Я ничего не понимала. Этот человек — этот убийца — из-за него я оказалась здесь. Он использовал свой последний козырь, чтобы меня привезли сюда, а теперь, стоило ему меня увидеть, он сдался?

Почему? Если тебе нравится мучить Джадда и Стерлинг, если ты хочешь, чтобы они почувствовали вкус страха, горькое понимание того, что люди, которых они любят, никогда не будут в безопасности, почему ты решил излечить Бриггса?

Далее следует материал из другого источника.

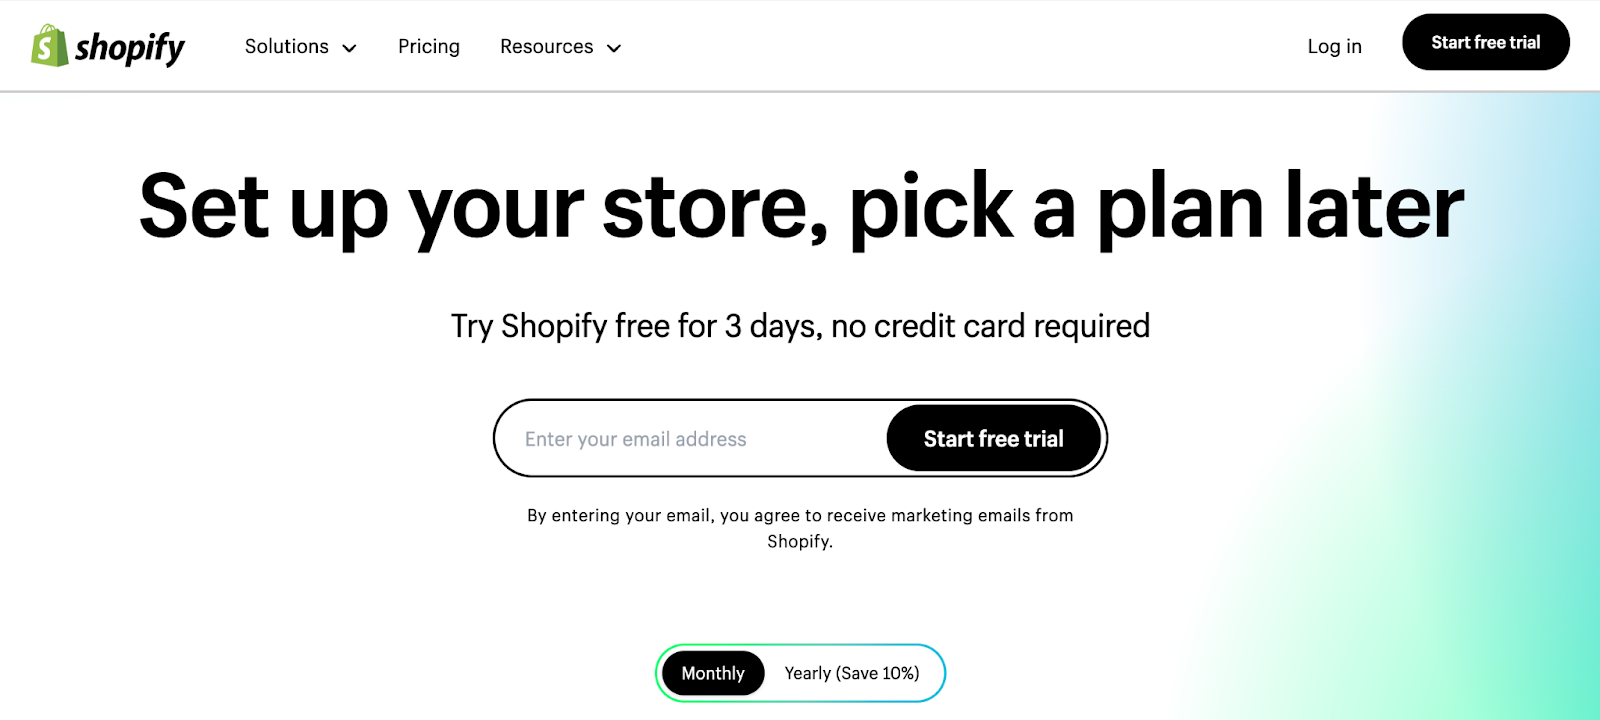 10 Easy Steps to Build a Shopify Website

— Ты лжешь, — произнесла агент Стерлинг.

Нам стоило взять с собой Лию, — подумала я. А через секунду добавила: я не должна здесь находиться. Это чувство зародилось в моём животе, а затем скользнуло в мои конечности, наполняя их тяжестью.

— Разве? — возразил Найтшэйд.

— Невозможно излечить. Мучительная смерть, — я не собиралась произносить эти слова вслух, но, стоило им сорваться с моего языка, я продолжила говорить. — Ты не раскрыл бы свой секрет. Не так просто. Не так быстро.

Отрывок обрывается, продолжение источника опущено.